In the single-centre observational all-comer study, 3,674 symptomatic patients underwent CT angiogram on suspicion of stable coronary artery disease between 2014 and 2016. Of these, 697 patients with intermediate range stenosis (75% with stenosis >50%) underwent additional testing with FFRCT. “The 3D FFRCT model provides computed FFR values in all vessels of the coronary tree ≥1.8mm. The FFRCT result was negative when all values were >0.80 and positive when at least one value was ≤0.80,” the authors explain.

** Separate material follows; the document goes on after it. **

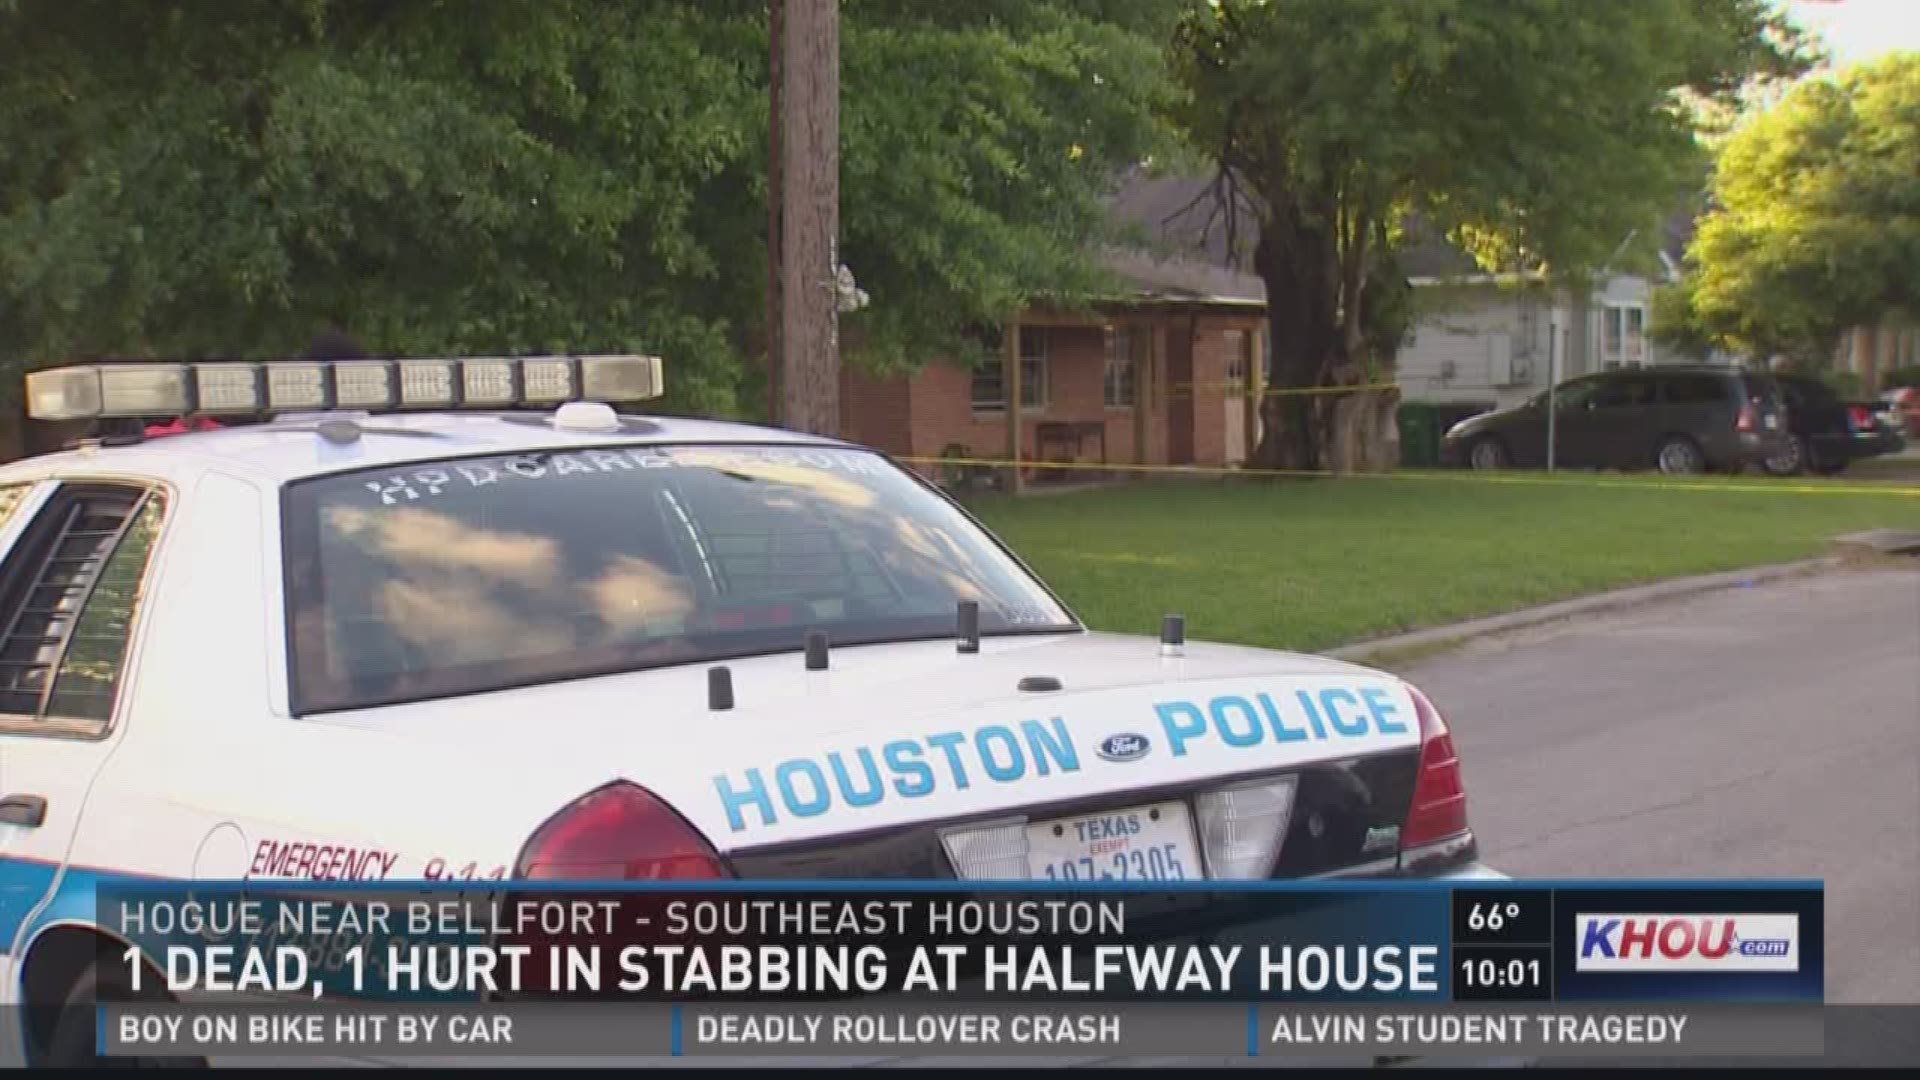 One person is dead and two others were injured in a stabbing in south Houston on Saturday, according to Houston Police.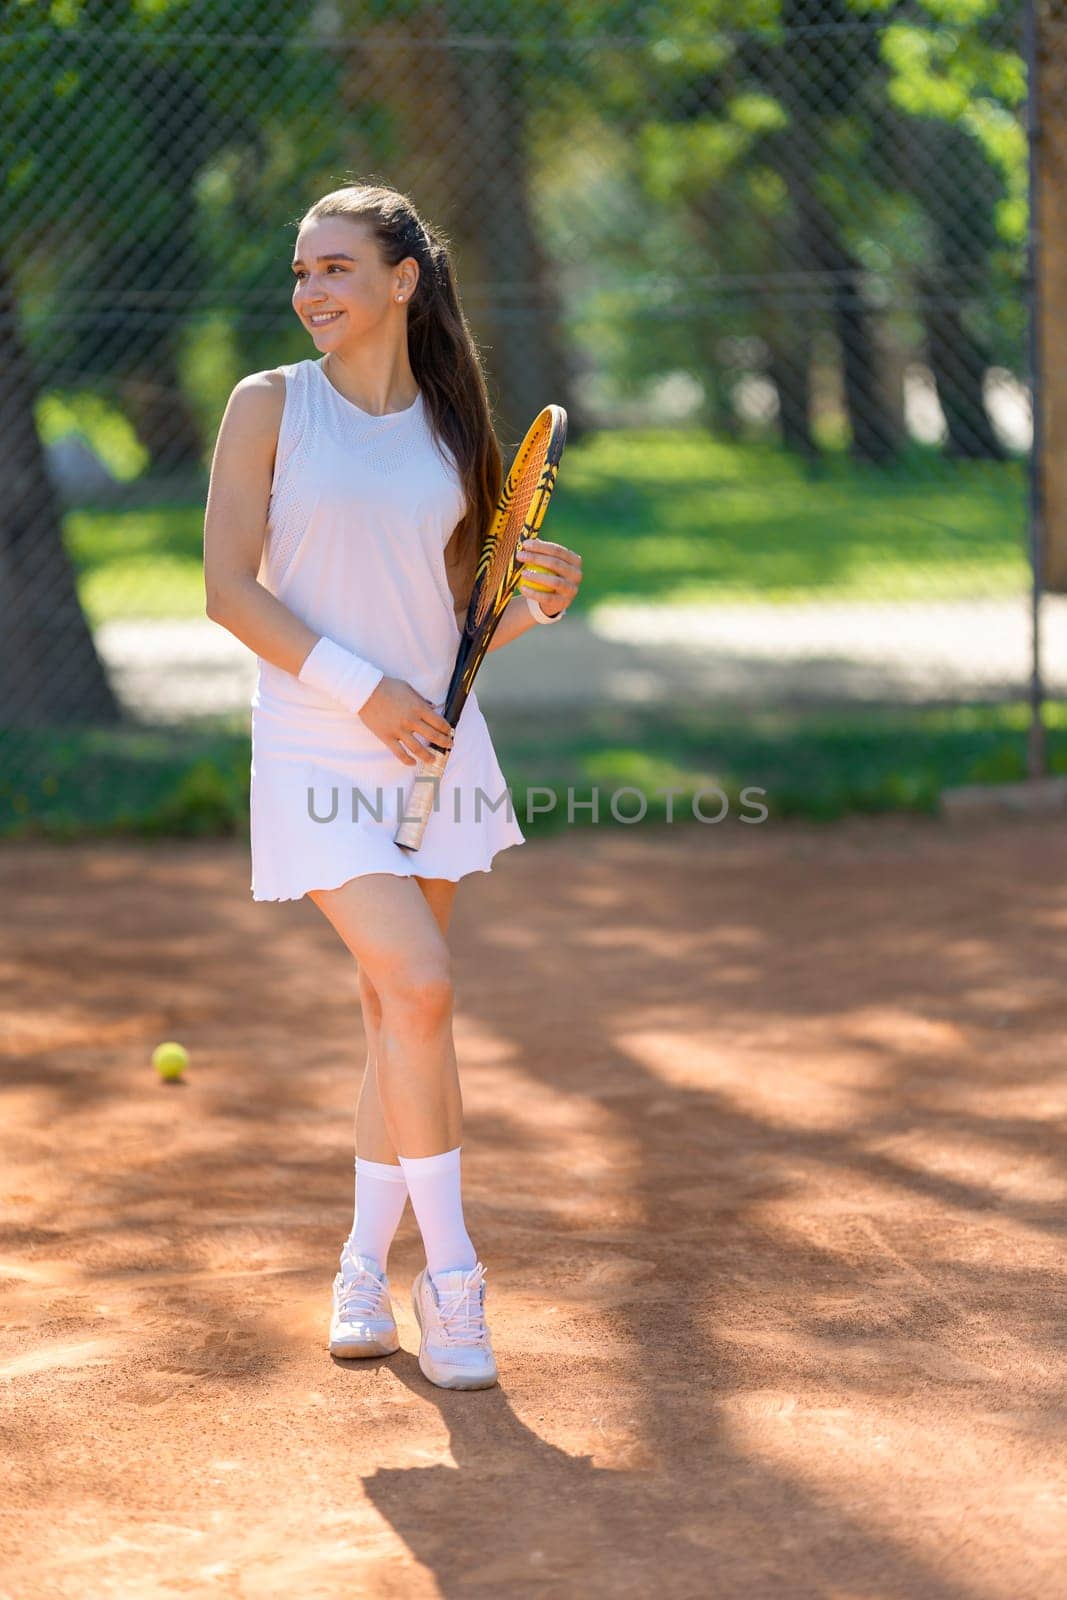 A woman is standing on a tennis court holding a tennis racket. She is wearing a white dress and white socks

Of 677 (of 697 overall) with a conclusive FFRCT result, 61% had a value of >0.80 and 39% had a value of ≤0.80. Nørgaard et al comment that patients with values of ≤0.80 were more frequently treated with statins, antiplatelet agents, and beta-blockers six months after CT angiogram than were patients with values of >0.80. “Moreover, in patients with FFRCT ≤0.80, referral to invasive coronary angiogram was associated with higher statin and antiplatelet use when compared with those managed by planned optimal medical therapy alone,” the authors say.

The main finding of the study was that the rate of the primary endpoint—a composite of all-cause death, myocardial infarction, hospitalisation for unstable angina, and unplanned hospitalisation up to three years—was not significantly different between patients with <30% stenosis on CT angiogram and FFRCT values of >0.80 (both groups managed by optimal medical treatment and no further downstream testing). However, the risk of an adverse event was higher among patients with ≤0.80 who underwent invasive coronary angiogram and significantly higher in patients with values of ≤0.80 but did not undergo coronary angiogram (both groups received optimal medical therapy). Nørgaard et al say this higher risk was driven by a higher incidence of non-fatal myocardial infarction in the FFRCT values ≤0.80 and no invasive coronary angiogram.

The authors observe that their study “underscores the feasibility of selective FFRCT testing for decision making in patients with intermediate range coronary artery disease determined by first-line CT angiogram in day-to-day clinical practice”. They note that the findings extend those of the PLATFORM study—which showed that no major adverse cardiac events at 12 months occurred in 107 of 197 patients in whom invasive coronary angiogram was cancelled on the basis of coronary CT angiogram and FFRCT testing—because they confirm (in a large real-world practice cohort) that “deferral of invasive coronary angiogram in patients with intermediate-range stenosis, and a negative FFRCT result is safe even up to three years”.

“Further large-scale studies with longer follow-up are needed to further assess the risk and optimal management strategy in patients undergoing first-line coronary CT angiogram with selective FFRCT testing,” Nørgaard et al conclude.

Coinciding with its publication in JACC, the study was presented at the 2018 European Society of Cardiology (ESC) Congress (25–29 August, Munich, Germnay) by Bjarne L Nørgaard.